Hal ini dapat dilakukan dengan mendorong peserta didik untuk mengerjakan PR, dan memeberikan tugas untuk membaca materi matematika yang akan dipelajari di rumah terlabih dahulu sebelum membahasnya di kelas.
b. Pemakaian media belajar yang mempermudah pemahaman anak
Saat mengajar matematika akan lebih mudah dipahami anak jika menggunakan alat peraga yang sesuai dengan materi, metode dan karakteristik anak, apabila penggunaan alat peraga matematika yang kurang tepat akan membuat anak menjadi merasa semakin sulit untuk mengerti apa yang sedang dipelajarinya.

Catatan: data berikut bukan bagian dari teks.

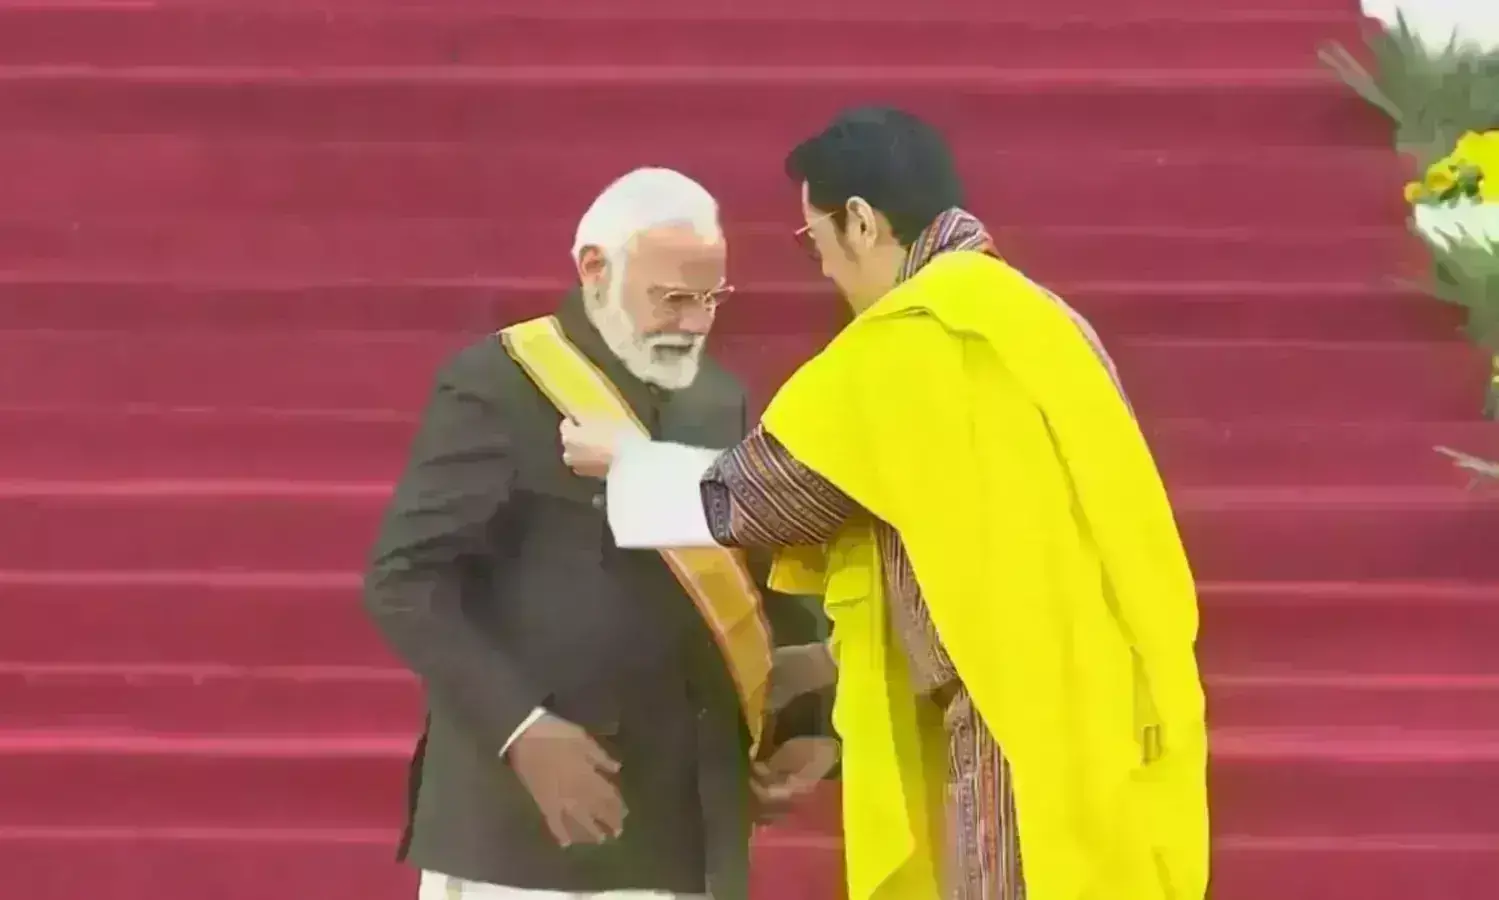 भूटान ने प्रधानमंत्री मोदी को दिया सर्वोच्च सम्मान, ऑर्डर ऑफ द ड्रुक ग्यालपो से नवाजा

Hendaknya alat peraga yang digunakan sebagai media harus dapat membuat anak merasa bahwa matematika itu mudah sehingga dapat menghilangkan kesan sulit pada matematika. Karena pemilihan media atau alat peraga yang salah dapat membuat anak merasa sulit sehingga akan menimbulkan perasaan takut pada pelajaran matematika.
c. Permasalahan yang diberikan merupakan permasalahan dalam kehidupan anak sehari-hari
Matematika yang didalamnya terdapat permasalahan tentunya akan lebih mudah dipahami anak apabila permasalahan yang disuguhkan adalah permasalahan yang dijumpai pada kehidupan sehari-hari anak. Anak akan mudah untuk membayangkannya untuk setelah itu dapat diselesaikan dengan penyelesaian matematika. Permasalahan yang asing bagi anak akan sulit dipahami. Anak sudah mengalami kesulitan untuk memahami, maka akan mengalami kesulitan pula untuk mencari penyelesaiannya.
d. Tingkat kesulitan masalah sesuai dengan kemampuan anak
Tingkat kesulitan masalah yang tinggi di atas tingkat kemampuan anak akan menyebabkan anak kesulitan untuk memahami dan mencari penyelesaiannya. Anak akan merasa bahwa matematika itu sulit dan akan merasa takut pada matematika. Masalah yang diberikan pada anak sebisa mungkin harus sesuai dengan kemampuan anak sesuai dengan perkembangan kognitifnya.
e. Peningkatan kesulitan masalah sedikit demi sedikit
Sebaiknya masalah dalam matematika dimulai dari permasalahan yang mudah terlebih dahulu lalu secara bertahap pada masalah yang lebih sulit. Permulaan dengan permasalahan yang rendah akan menimbulkan keberanian pada anak dalam belajar matematika. Anak akan dapat meyelesaikan soal yang pertama dengan tingkat kesulitan masalah yang rendah, akan merasa senang dan menjadi bersemangat dalam menyelesaikan soal-soal selanjutnya sehingga tanpa disadari anak ternyata dapat menyelesaikan soal yang memiliki tingkat kesulitan lebih tinggi dibanding soal yang pertama.
f. Memberi kebebasan anak untuk menyelesaikan masalah menurut caranya, atau sesuai dengan kemampuannya
Pengalaman dan kemampuan matematis setiap anak untuk menyelesaikan masalah berbeda-beda. Oleh karena itu cara mereka mencari penyelesaian masalahnya juga berbeda, sesuai dengan pengalaman dan kemampuannya. Guru hendaknya bersikap lebih bijaksana saat memeriksa dan menilai pekerjaan anak. Untuk itu guru harus memahami suatu topik matematika. Dengan memeriksa pekerjaan anak guru dapat mengetahui sampai dimana pemahaman dan penguasaan anak terhadap suatu topik matematika tertentu.
g. Menghilangkan rasa takut anak untuk belajar matematika
Ada beberapa cara untuk mengatasi rasa takut pada anak antara lain dengan bersikap ramah, memberi bimbingan dan tuntunan dengan rasa sabar pada setiap peserta didik, memberi motivasi dan dorongan agar berani mencoba menyelesaikan permasalahan matematika. Jika anak melakukan kesalahan saat mencari penyelesaian masalah, sebaiknya guru tidak langsung menyalahkan, tetapi membimbing anak untuk mencari penyelesaian masalah yang tepat, sehingga anak dapat melakukan pembetulan pada pekerjaannya yang salah sehingga anak dapat lebih memahami serta kemampuan tersebut akan selalu diingat anak. Setelah anak dapat melakukan pembetulan atas pekerjaannya yang salah maka anak akan merasa matematika tidak sulit dan akan timbul keberanian untuk belajar matematika lebih lanjut.
Dari paparan di atas, dapat diperoleh kesimpulan bahwa matematika itu tidak sulit, jika anak dapat memahami dan menyelesaikan atau menjawab dengan benar.Untuk dapat memberi kesan matematika tidak sulit, dibutuhkan pendekatan psikologis pada anak. Salah satunya dengan mengetahui tingkat kecerdasan emosinya.